I'm learning all sorts of fun things. Things like you can't buy wine or beer in grocery stores. You can buy wine at liquor stores, but not beer, beer you have to buy at beer stores. You can drink beer at beer stores sometimes, but usually you have to take it home, unless it's a special beer store/restaurant combo. Unless it's some weird street festival like Oktoberfest, then you can just take your beer outside and drink it wherever you want. You can also pay an inordinate amount of money for six packs to go at almost any bar. and you can bring your own alcohol to almost any restaurant. Seriously, Pennsylvania, with the liquor laws.

I'm also learning that, hey, maybe don't go into parts of town that make you feel weird. Like the El stop closest to where I'm living. Or north of that one street EVER. Or anywhere near Temple. What makes it feel weird? I DON'T KNOW! It's seriously been the most fascinating country bumpkin experience ever. It's not a race divide, though it may have to do with class. I've felt the least comfortable when I'm out numbered greatly by gender in neighborhoods, which I don't really even know how that happens. It's really fascinating to have this instinctual feeling of "I really don't belong here" and being an analytical human that I am I immediately start asking myself, "Why do I feel like I don't belong here?" "What would make me feel more at home in this situation?" "Why am I asking myself these questions instead of focusing on getting off this block?"

I have gotten the stone cold bitch face down to a science. Like I didn't already.
"What about that shadowy part?" I asked and James Earl Jones said to me, "That is North Philly. You must never go there." I then promptly got off at a North Philly El stop. Sorry James. At least it was daylight hours.
I spent some time in South Philly yesterday, as I hadn't really explored that area before. South Philadelphia, for those who don't know is what upper-middle-class people would generally refer to as a "nice" part of town or "quaint" or "so bo-ho" or "cultured" or something else ridiculous. It was full of people having brunch and families in parks. There was an art festival happening in Rittenhouse Square and people enjoying their weekend everywhere. Why was I there? Come on guys, for the yarn shop, obviously.

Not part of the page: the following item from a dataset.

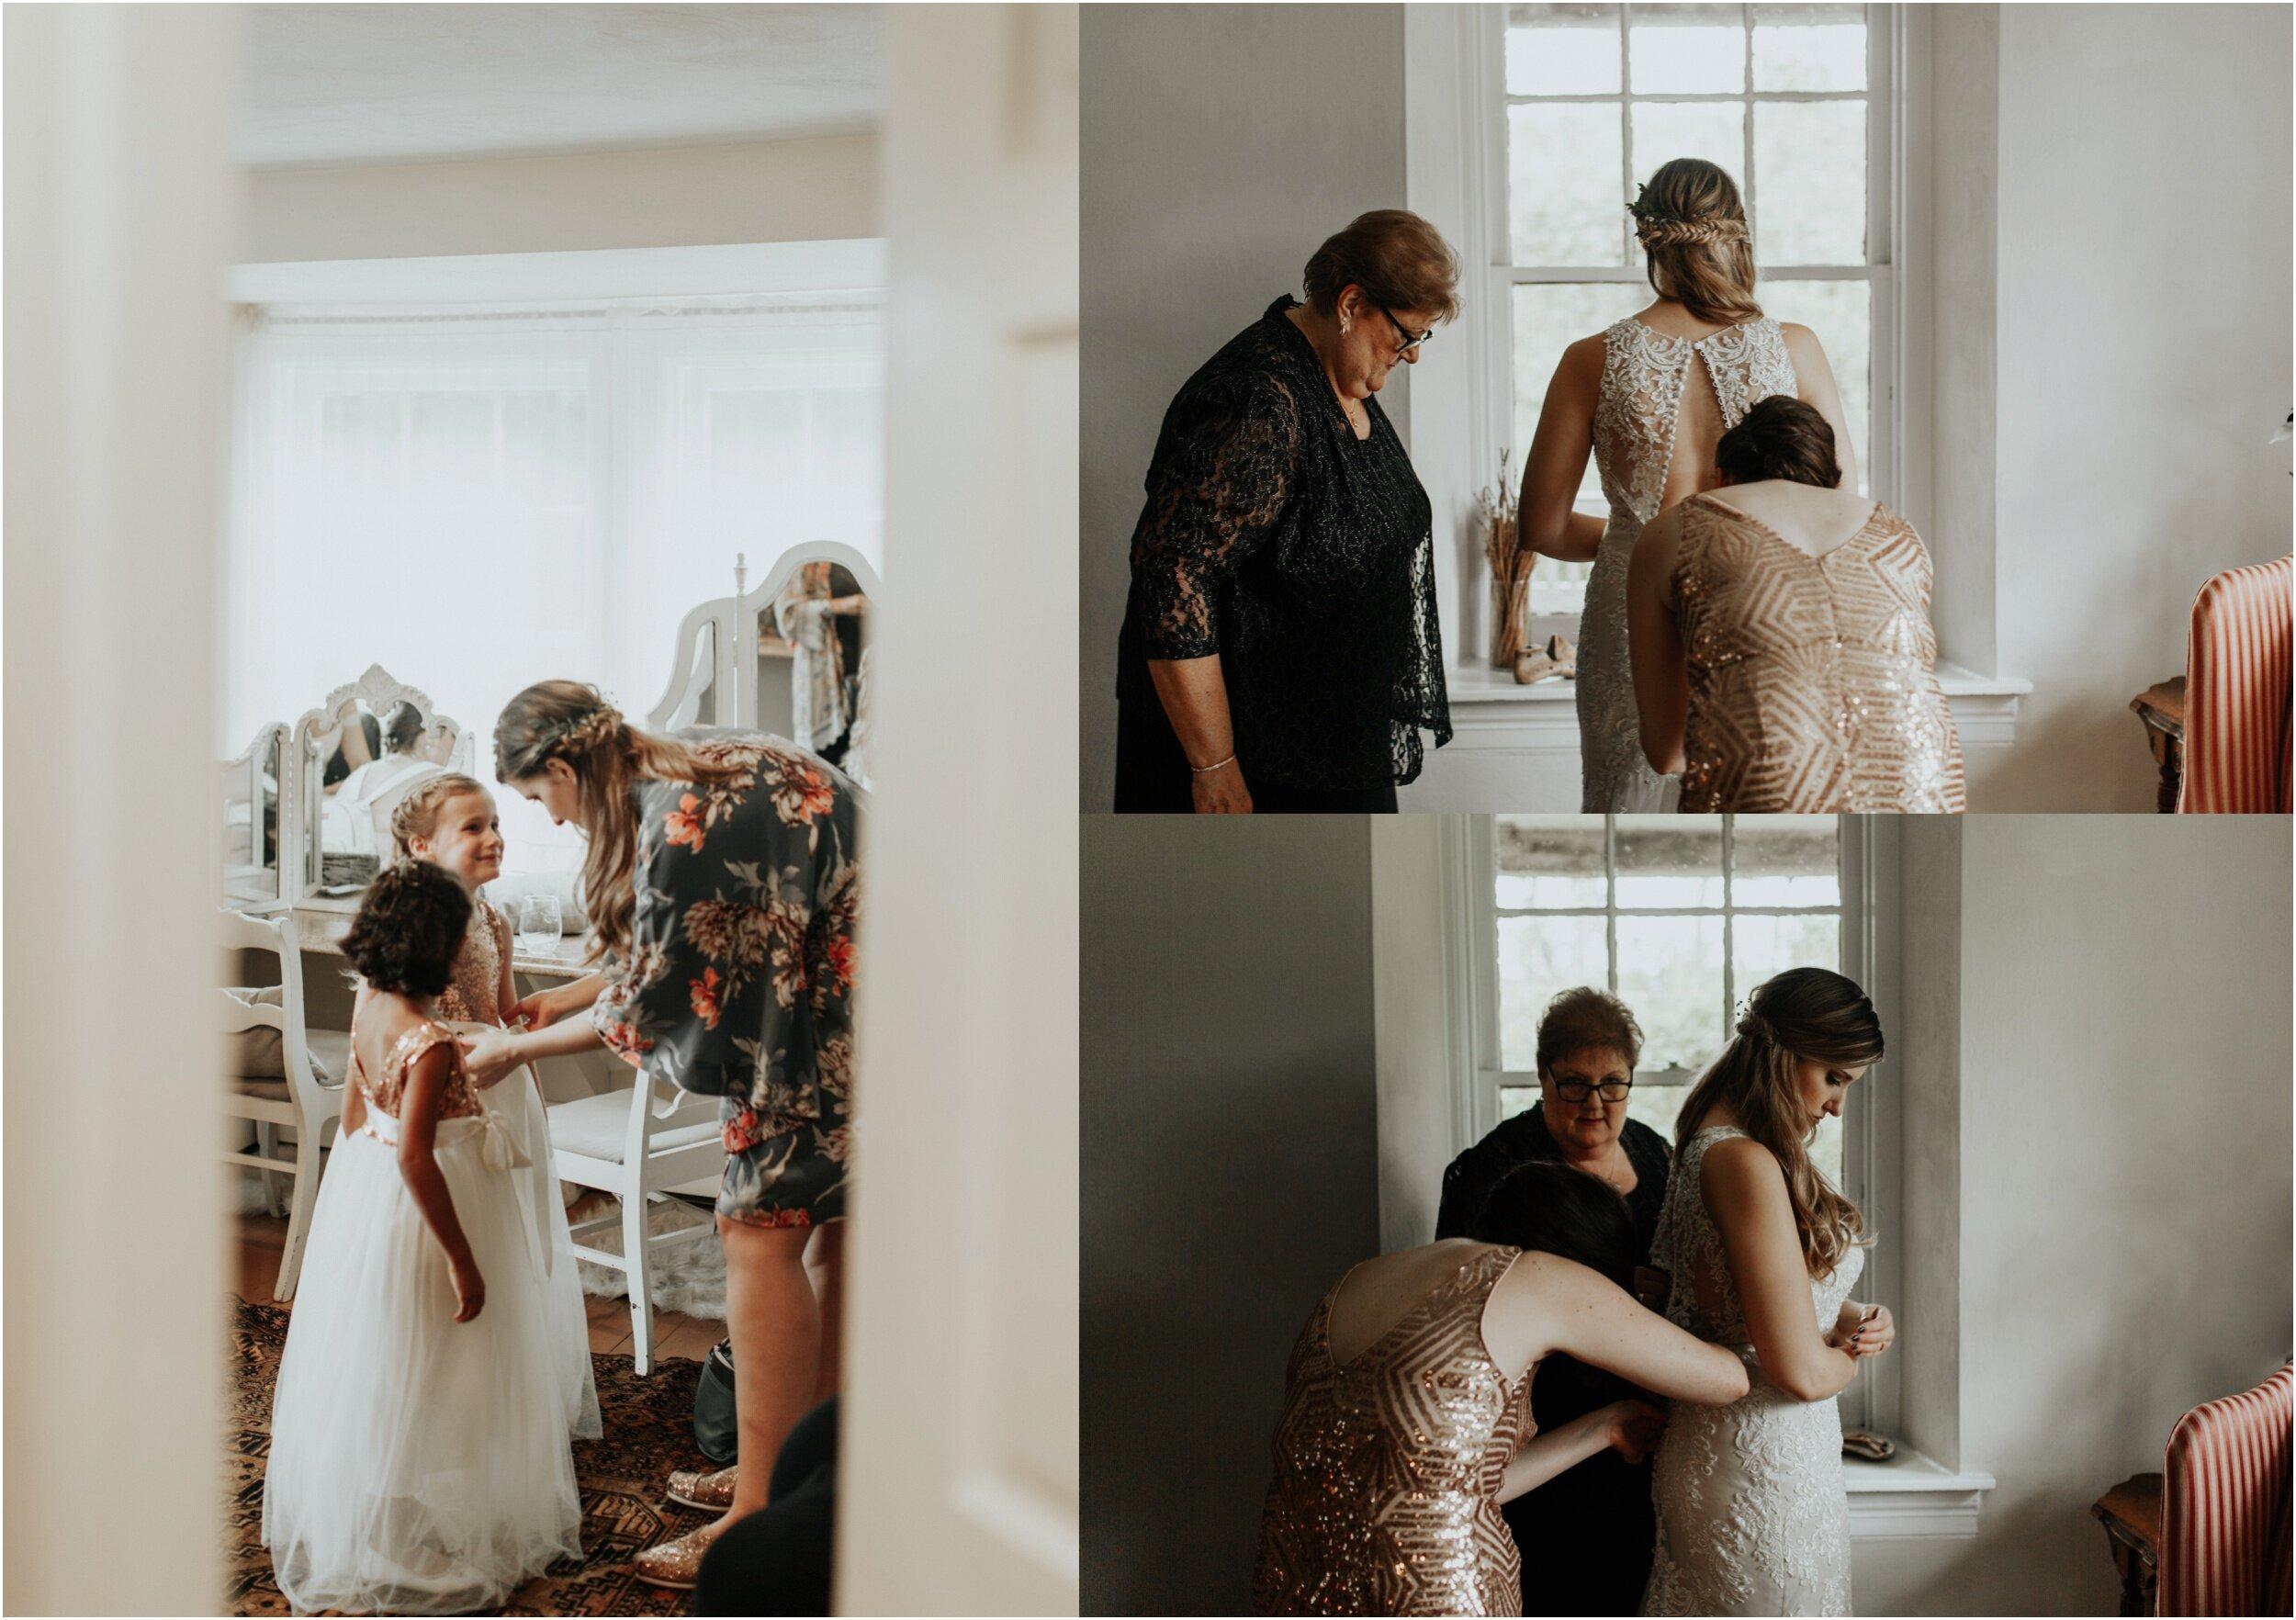 steph-and-jordan-cox-our-wedding-historic-shady-lane-compass-wedding-collective-hazel-lining-photography-destination-elopement-wedding-engagement-photography_0013.jpg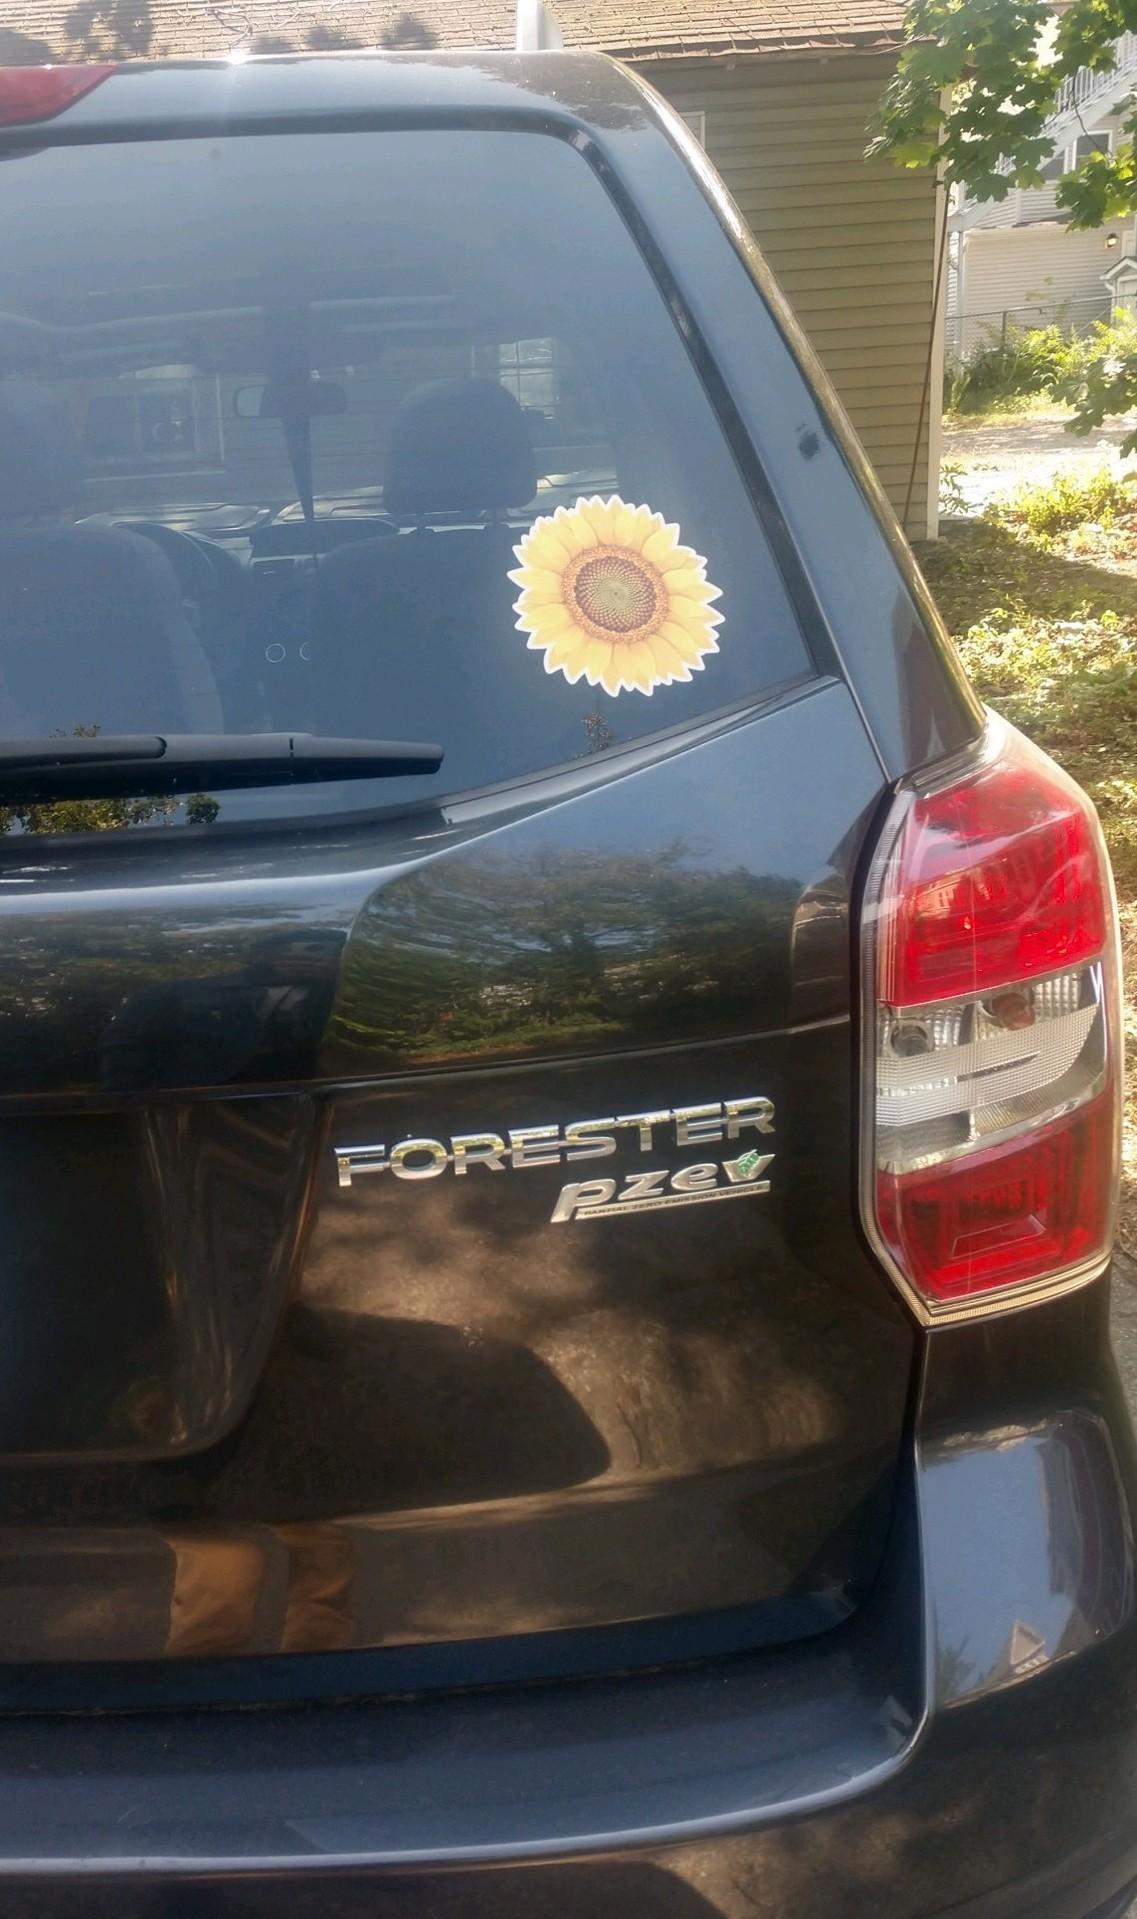 Luke's photograph of their Realistic Sunflower Sticker

Loop is one of the few yarn shops I could find in Philly that wasn't somewhere far off in the distance in West Philly or in a mythical land some call "New Jersey". Everything about this shop is delightful. The ladies working were warm and welcoming (yes, of course I dropped of my resume and fished for work-though to no avail), the shop itself was beautiful with hardwood floors and lovely displays, and the clientele was exactly what I've come to expect from yarn stores. Versatile and quirky as all get out (one of them was even in town briefly from said mythical land called New Jersey. Guys- stereotypes exist for a reason).

I thought finding a lovely yarn shop would make me feel more at home and in my element in a new city, but alas, it made me long for the things I saw echos of familiarity in. I ache a little for home this weekend.

When I'm constantly busy working through the week and physically exhausted from school it's very easy for me to keep my Philadelphia blinders on. But when the weekend hits and I have some time to stew, I start to miss small things like nature. And being not sweaty from humidity. And of course, the humans. I find myself illogically, immensely frustrated that I can't just go visit Boise for the weekend. But I can't. And that's okay. It will make it all the sweeter when I can. See you someday, Boise.